The next morning, Sean gets into a car and admires his eyes in the mirror. I mean, they're probably being shown off so we can all admire his steely determination, but he's not supposed to admire his own determination, is he? Maybe he's trying to talk himself into the assassination he's decided to do? While he's doing whatever it is he's doing, Vicky gets into the passenger seat. She announces that she wants to redeem herself for the things she's done. And the best way to do that is to go kill Hal Holbrook. Hit it!
Martinez delivers a television address about how he's not afraid of Pakistan. He's talking to the sleepers, but everyone in the country will think he means Pakistan. I wonder what the Pakistani people think about all this. The first lady comes in to ask what this mandatory TB testing is about. He tells her it's a cover because he wants to check for sleeper DNA. She considers that a violation of civil liberties and can't believe he's going along with it. He corrects her, "I'm not going along with it. This was my idea!" He says it's a war; she says he should stick to his principles. I will remind you that I think she's probably an alien herself, since she has an elaborate backstory about not having parents. Plus, this is the sort of show that would think "The President's Wife Is an Alien!" is a neat twist.

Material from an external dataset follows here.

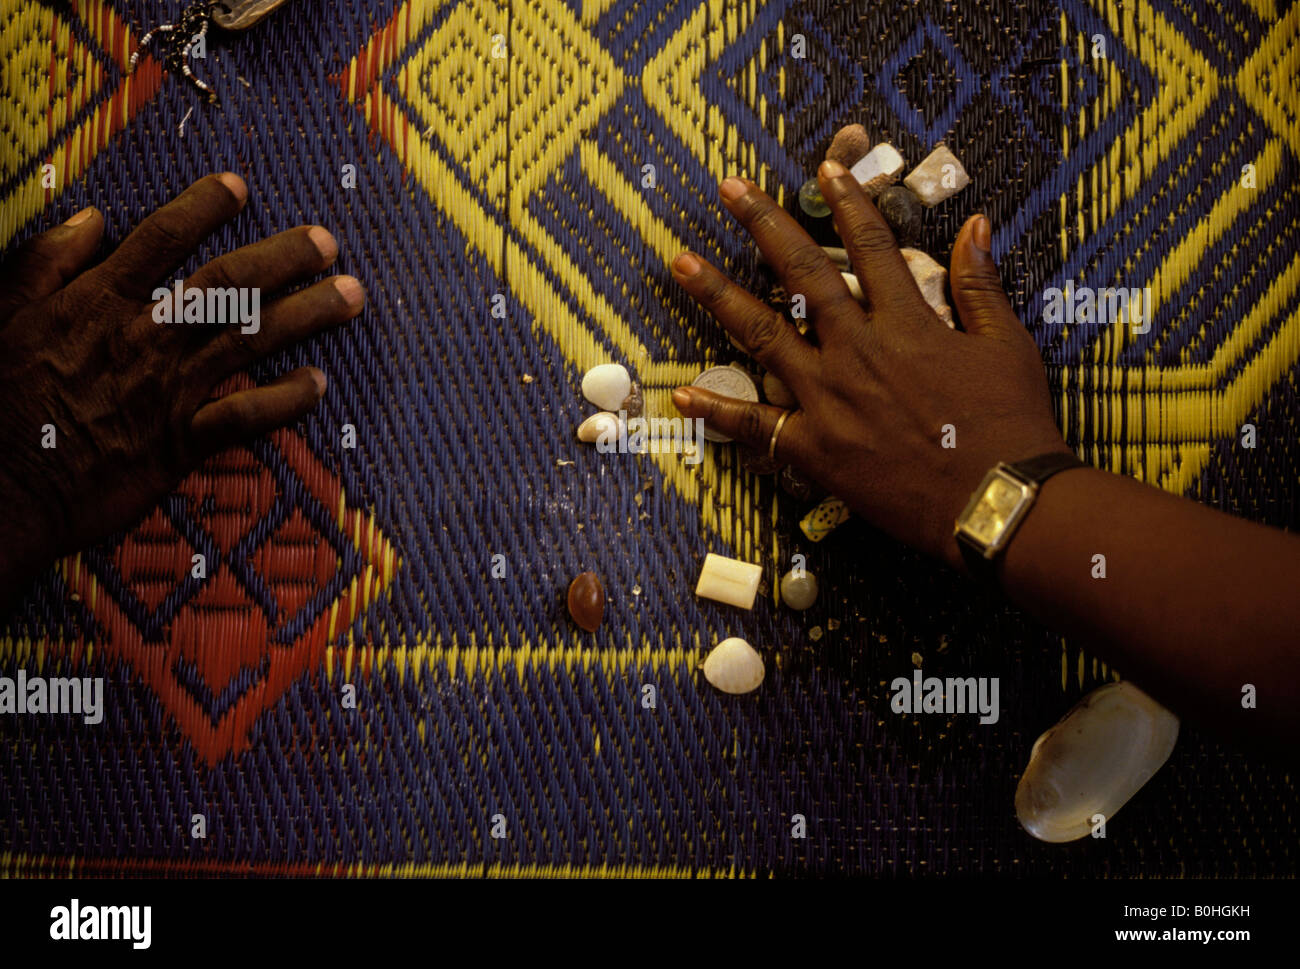 Un prêtre Voodoo lire les pierres lors d'une consultation avec un client, Lomé, Togo. Banque D'Images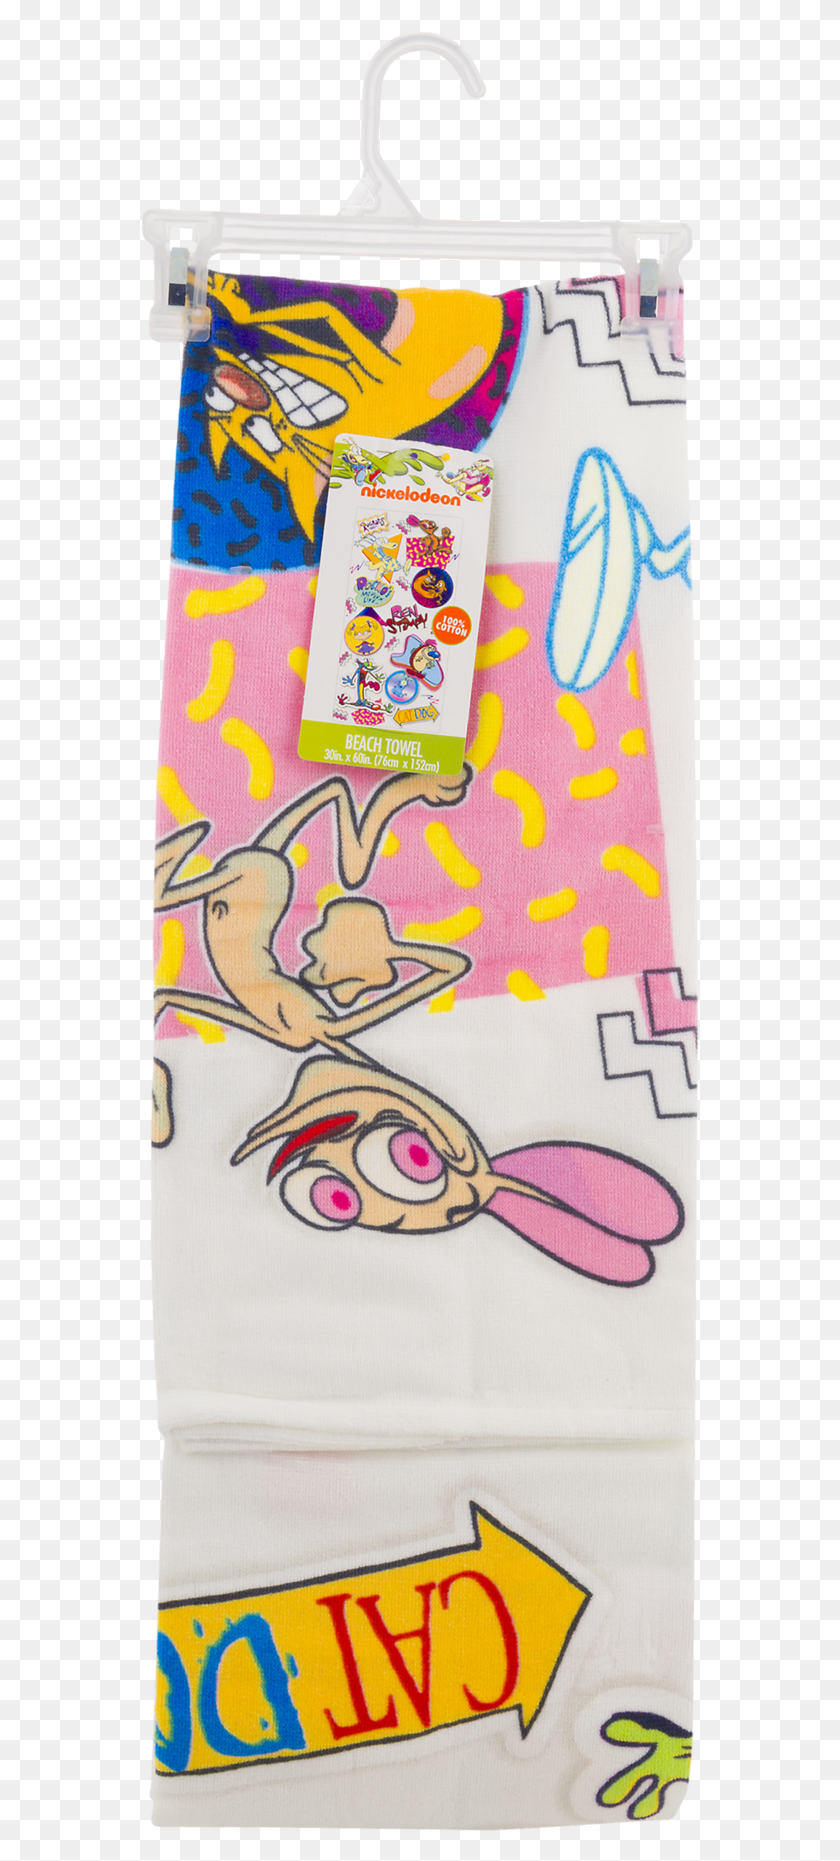 559x1801 Nickelodeon 100 Cotton Splat Mash Up Пляжное Полотенце Баннер, Узор, Аппликация, Вышивка Png Скачать

Sophia stands by a fire on a hillside that overlooks the alien community. She looks up at the stars as Simon walks up next to her. She says either "We knew our son would die eventually" or "We knew our sun would die eventually." I thought it was the first one, because she was mopey about Thomas dying, and he was her son. But that would mean that Simon was Thomas's father, which presents a level of complication that the show probably wasn't going for. So I've decided she was probably just talking about their sun instead. Simon asks where Sophia plans to put two billion people and she has some ominous "permanent solution" planned. Although Simon admits that he disagrees with her decision, he swears loyalty to her. And that settles it, right? Obviously.

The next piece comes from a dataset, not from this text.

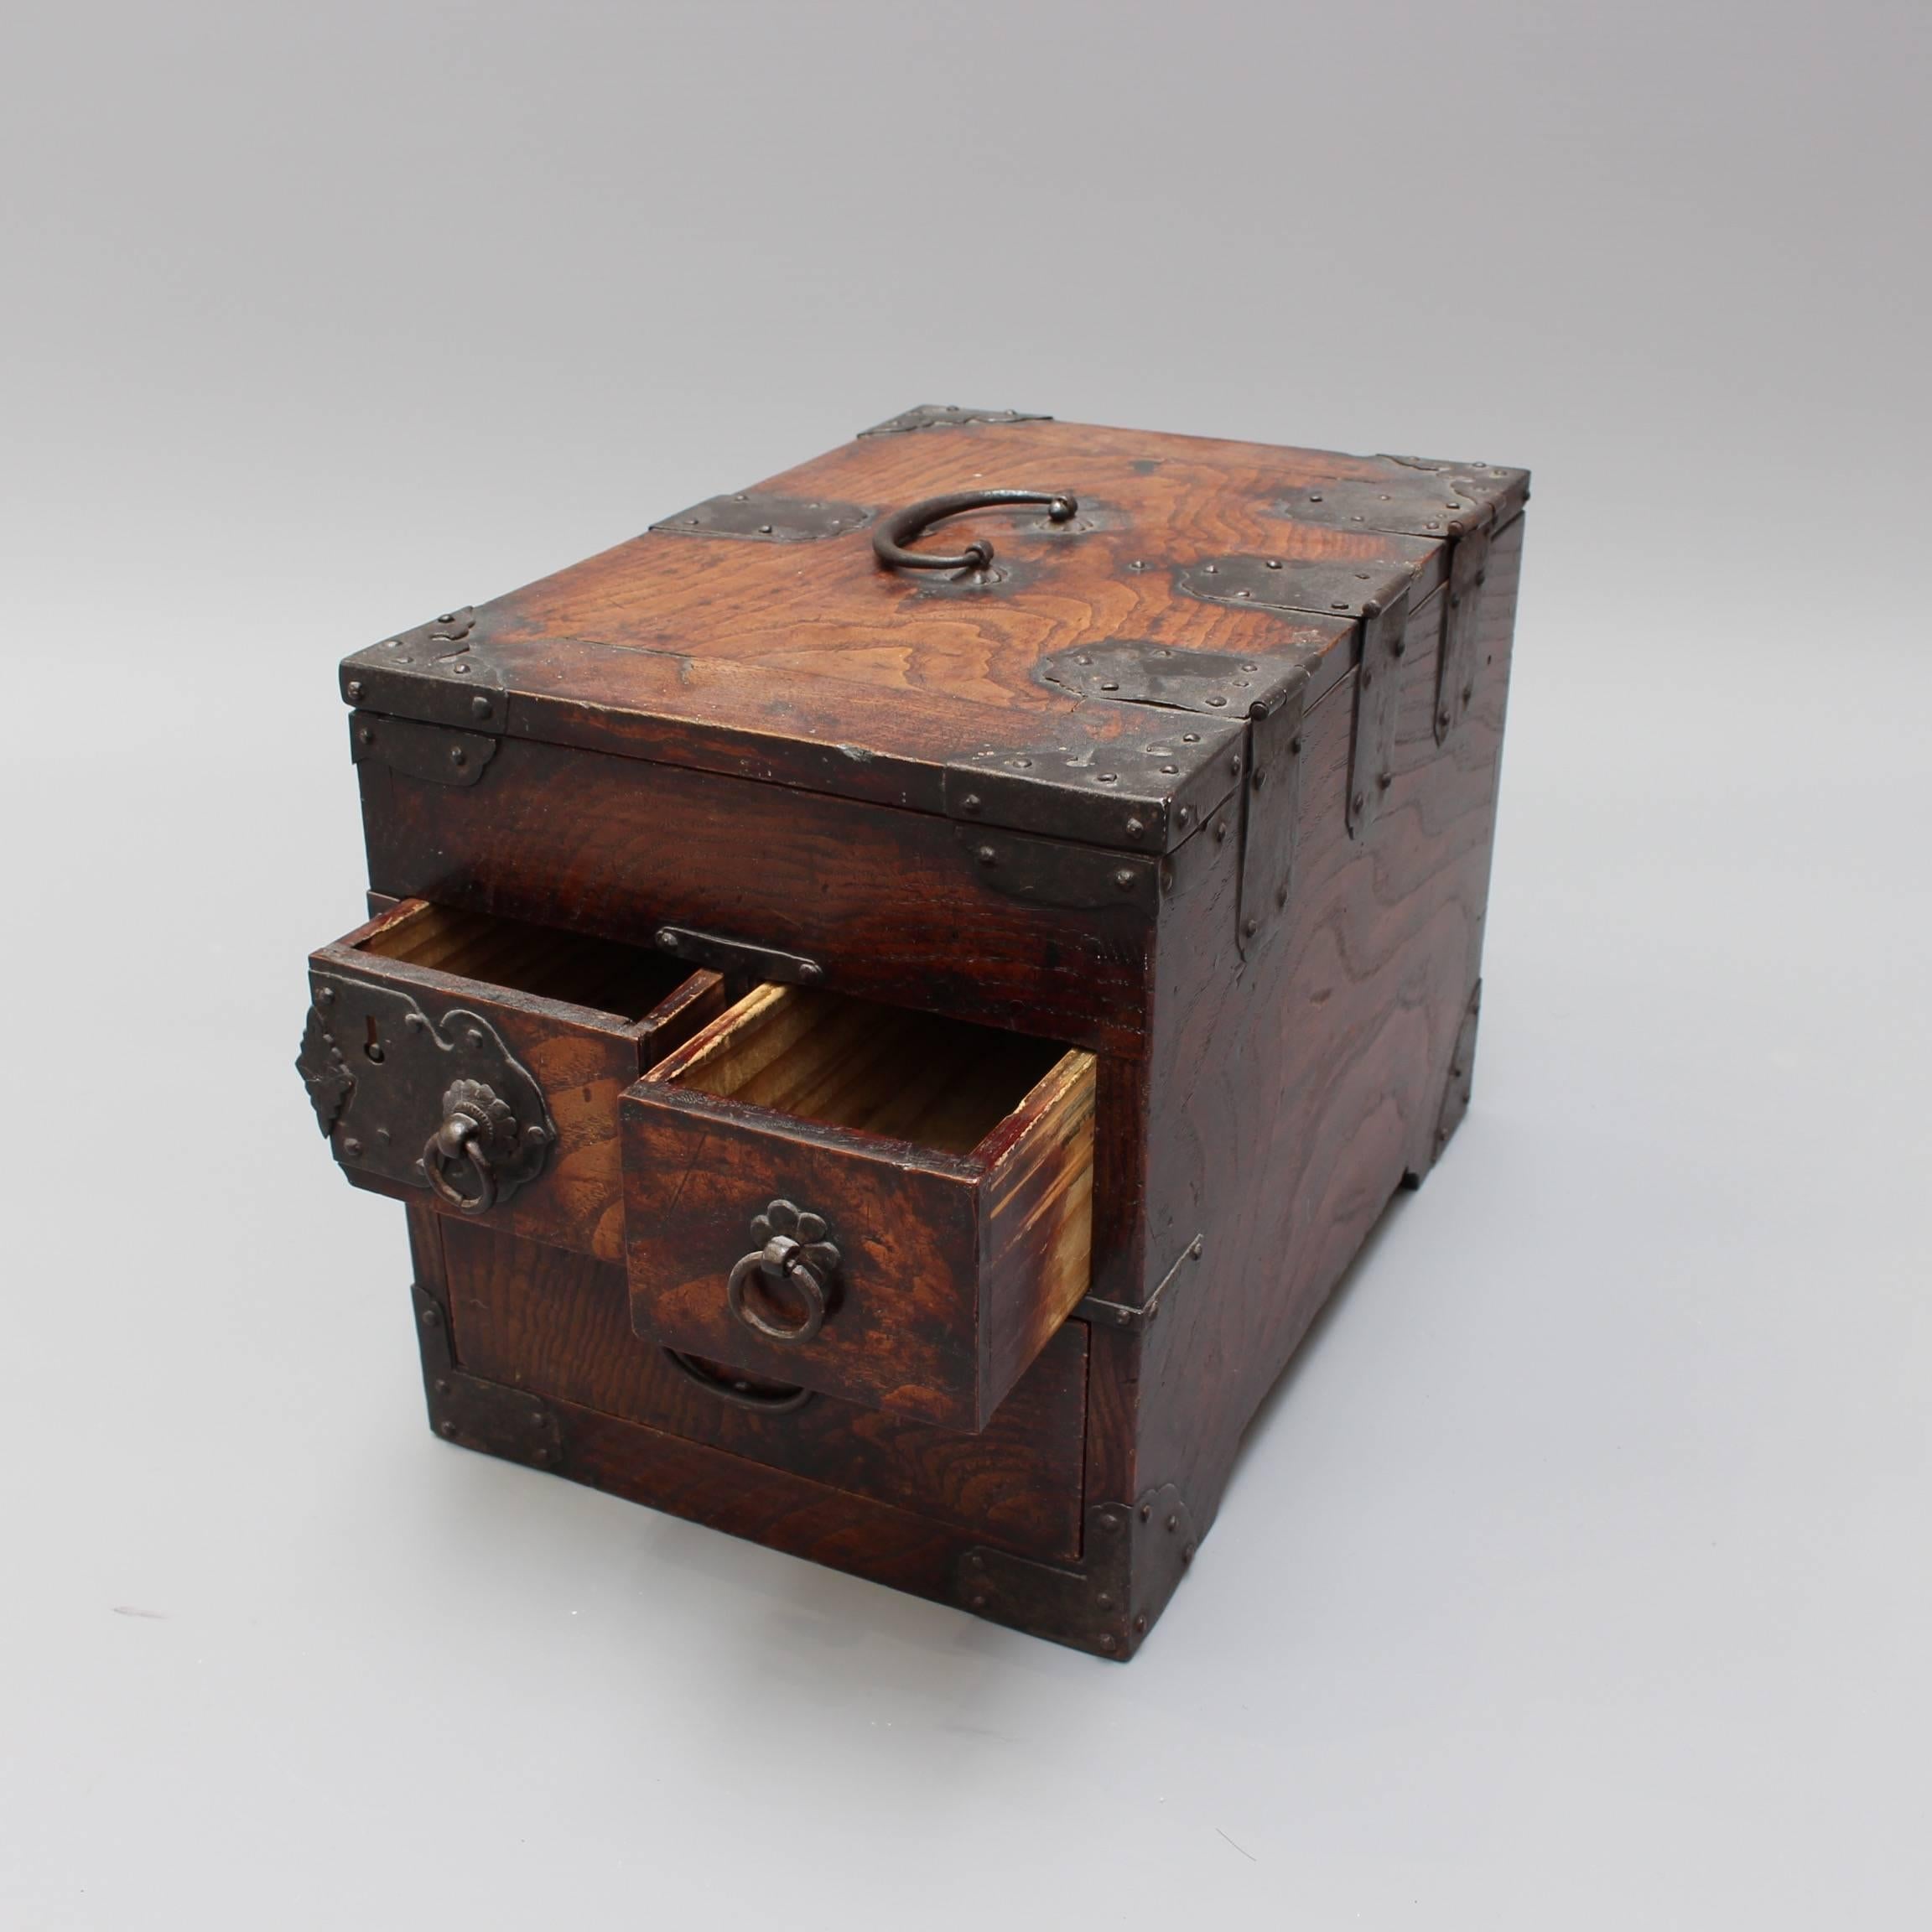 Antique Japanese Wooden Writing Box with Decorative Hardware 'Meiji Era' 2

Leila shouts at her father about being forced to stay in the alien village. I don't have a lot of sympathy for her, since she's the one who decided to sneak into the meeting in the cathedral. Plus, she's probably still wanted by both the US government and the Holbrook conspiracy, so it might not be a bad idea to stay in a heavily fortified compound for a little bit. And if they're going to kill all humans, there's definitely a benefit in playing up one's alien blood. Michael just says that these are Sophia's orders. He says it will take time to get used to this place, and she freaks out about how long she'll have to stay there. Simon stops by to talk to Michael about how many humans would need to die to make room. I think they're overestimating it. Simon tells Michael that he's leaving and thinks Michael and Leila should come with him so they can warn people. "We'll be labeled traitors forever," says Michael. "I know." "We'll go with you." Leila doesn't get to decide for herself, I guess.